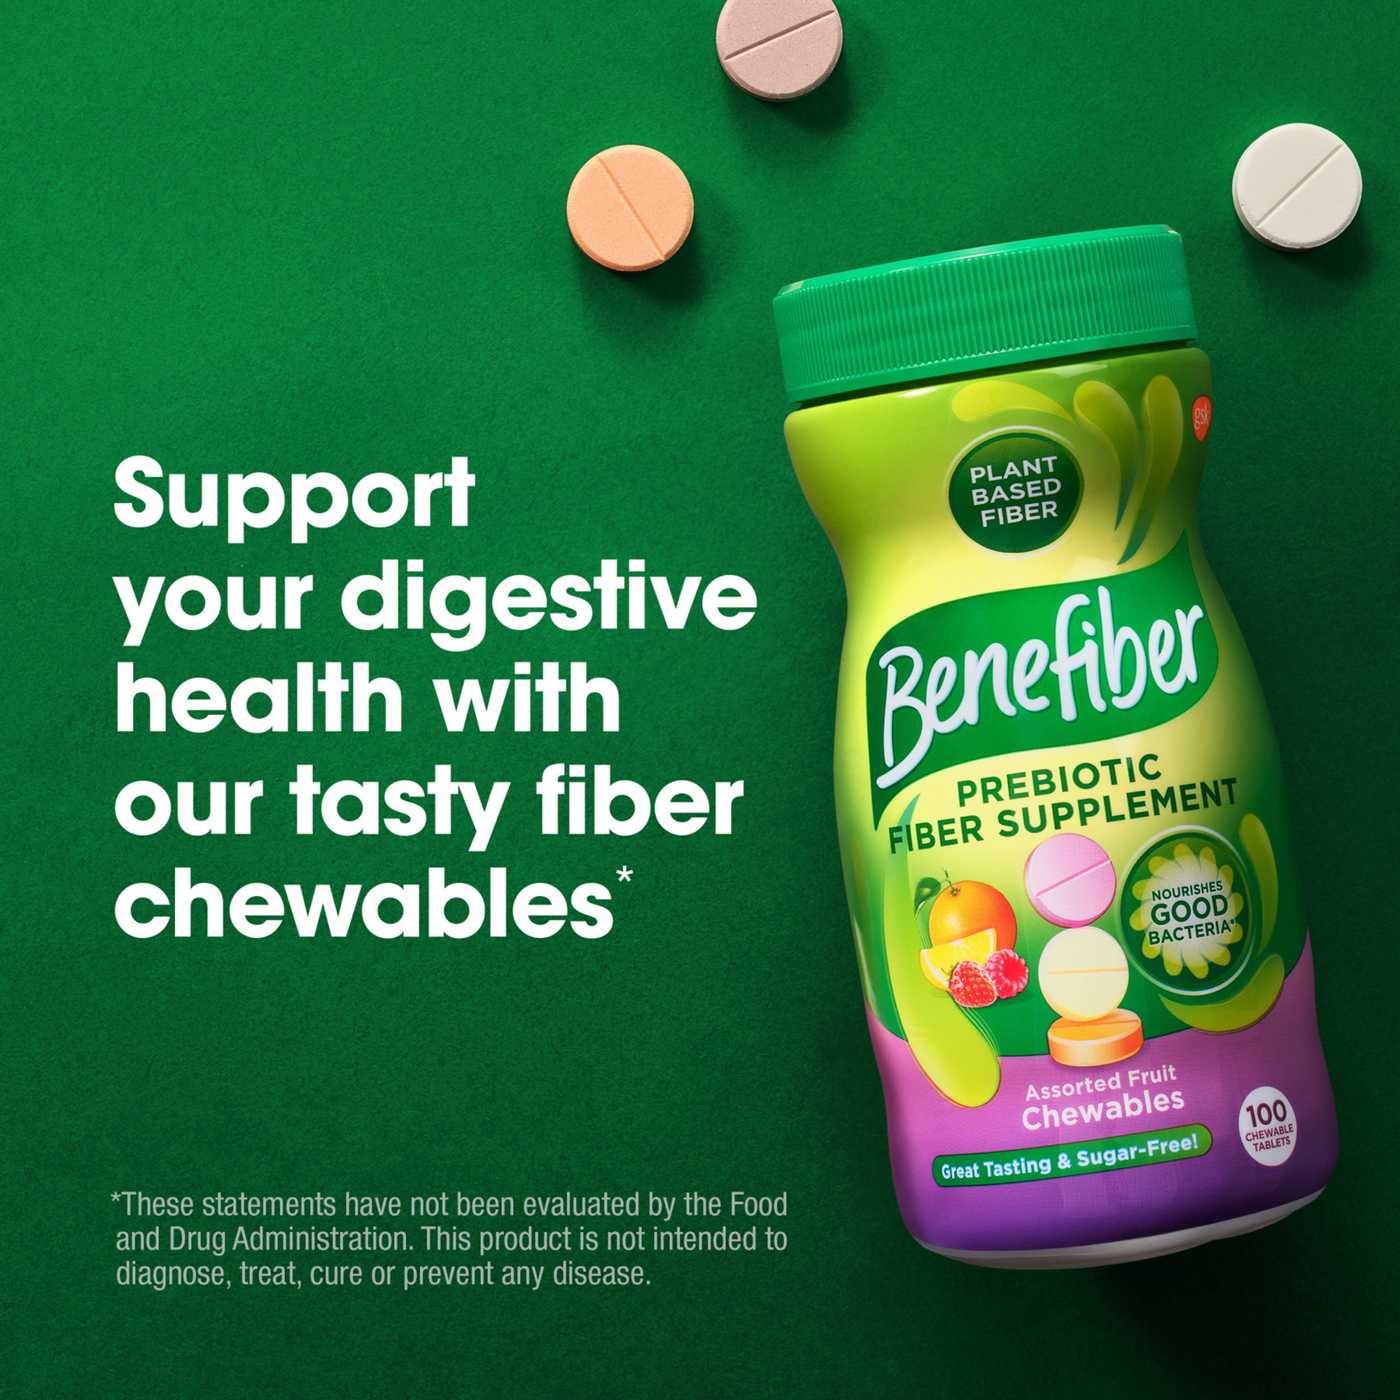 Benefiber Prebiotic Fiber Supplement Chewable Assorted Fruit; image 3 of 9
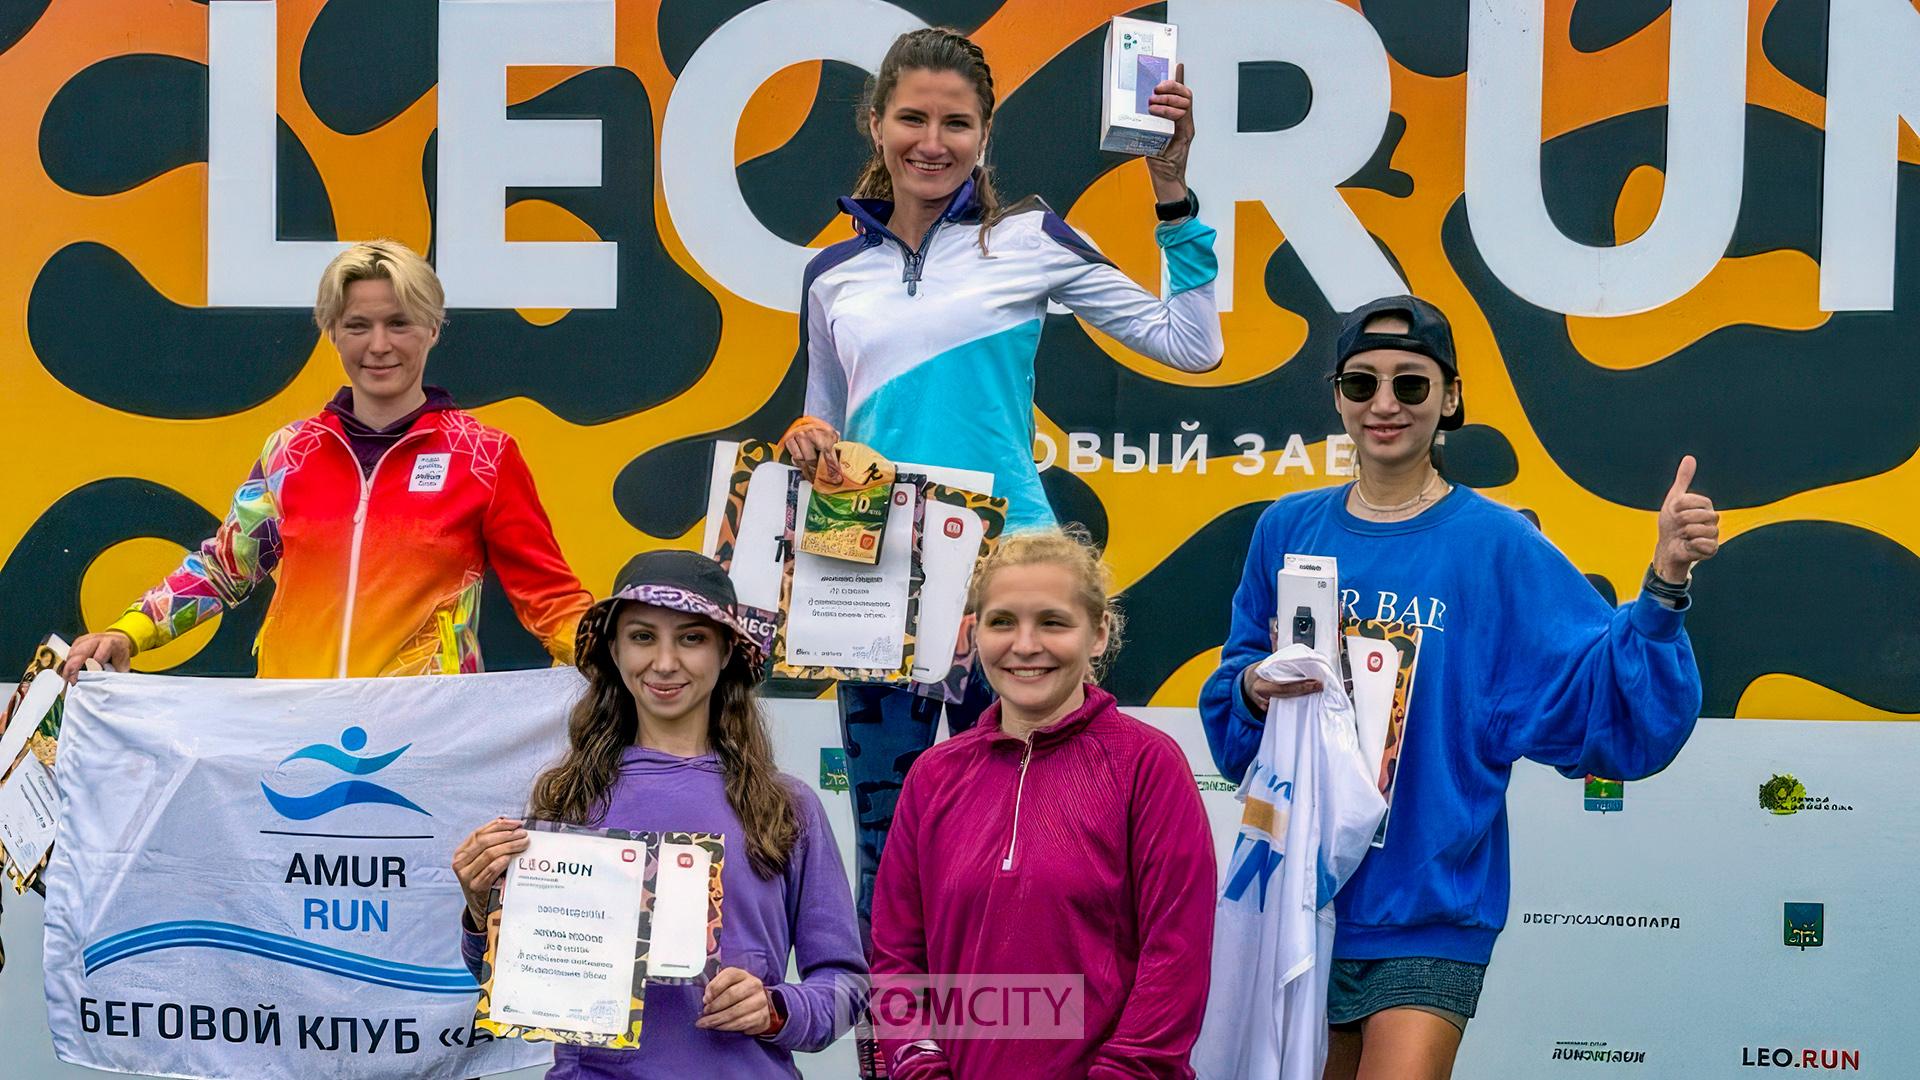 Комсомольчанка стала победительницей «леопардового забега» в Приморье
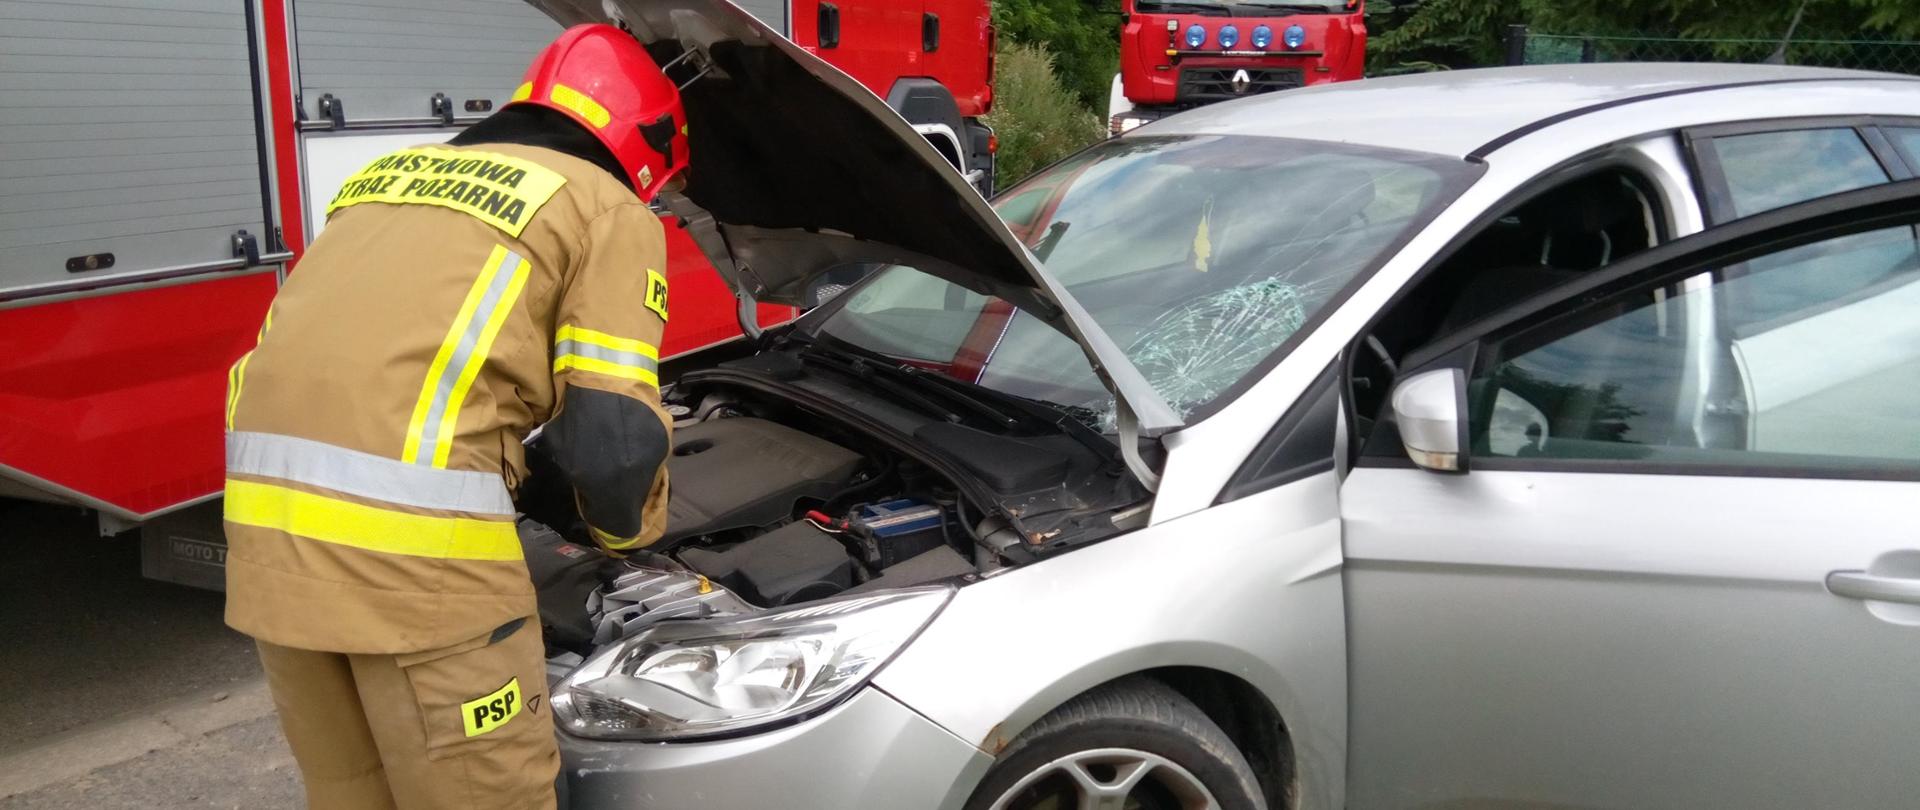 Umundurowany strażak odkręca akumulator w srebrnym samochodzie osobowym.
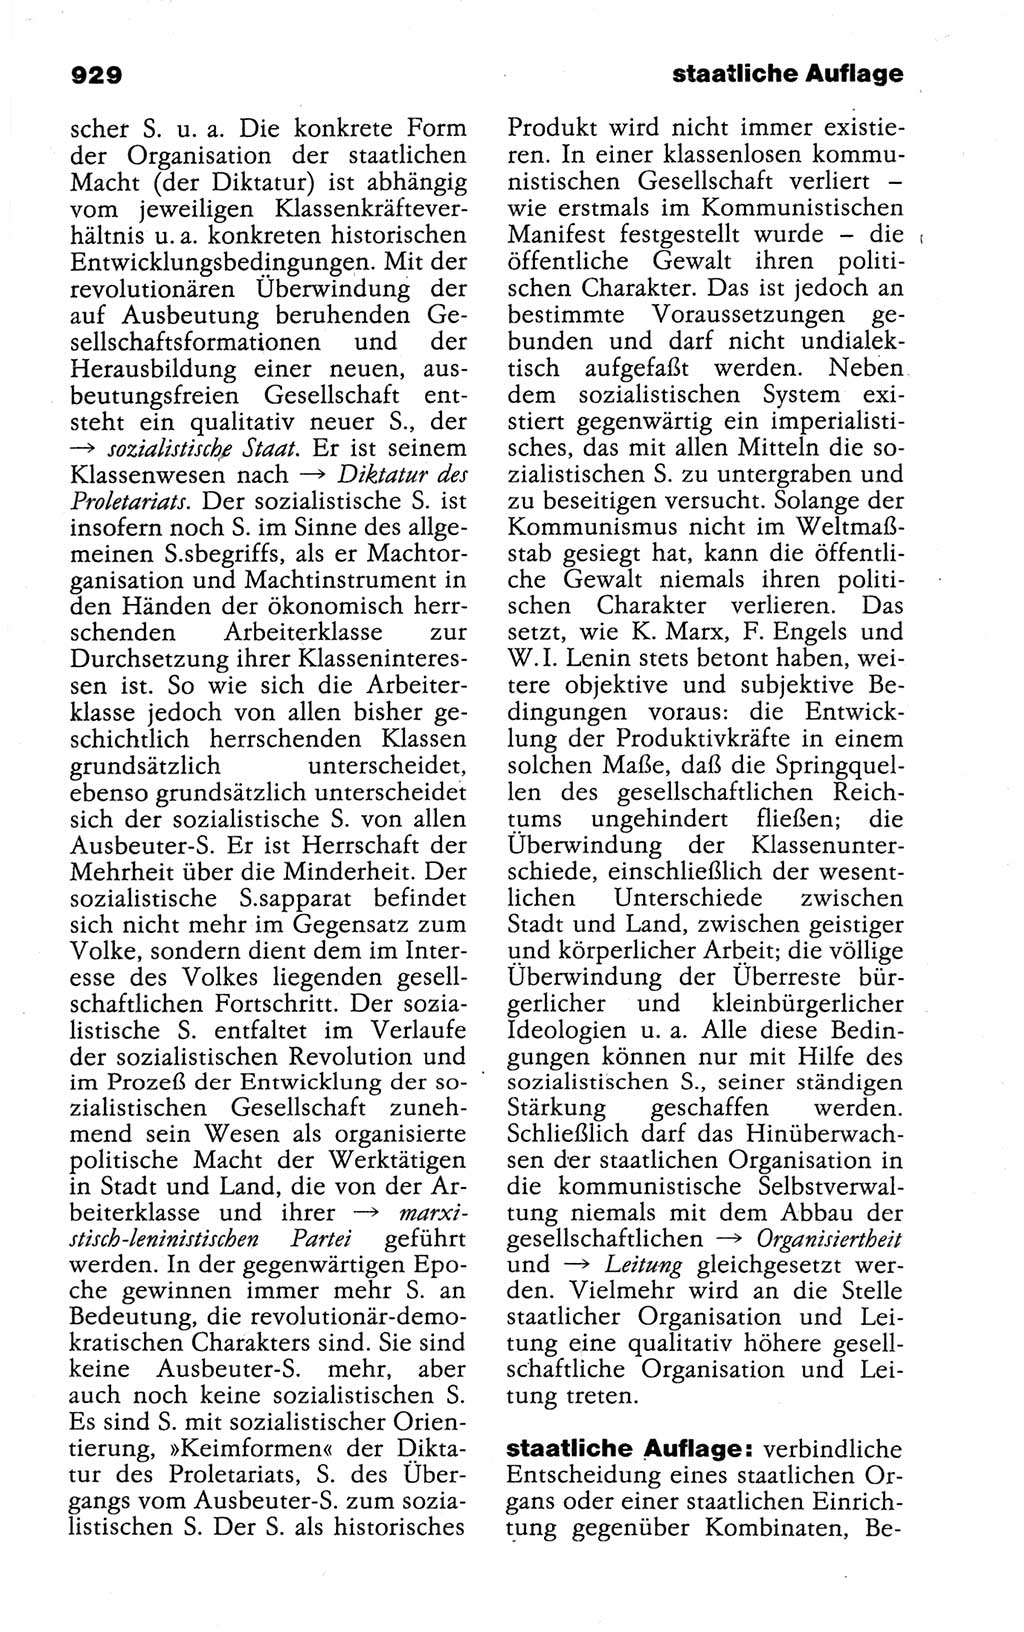 Kleines politisches Wörterbuch [Deutsche Demokratische Republik (DDR)] 1988, Seite 929 (Kl. pol. Wb. DDR 1988, S. 929)
----------
[Your goal]:
Print every line above once more, exactly. Omit the pictures.

[Solution for this exercise]:
 Benefiber Prebiotic Fiber Supplement Chewable Assorted Fruit; image 3 of 9
 Комсомольчанка стала победительницей «леопардового забега» в Приморье
 Umundurowany strażak odkręca akumulator w srebrnym samochodzie osobowym.
 Kleines politisches Wörterbuch [Deutsche Demokratische Republik (DDR)] 1988, Seite 929 (Kl. pol. Wb. DDR 1988, S. 929)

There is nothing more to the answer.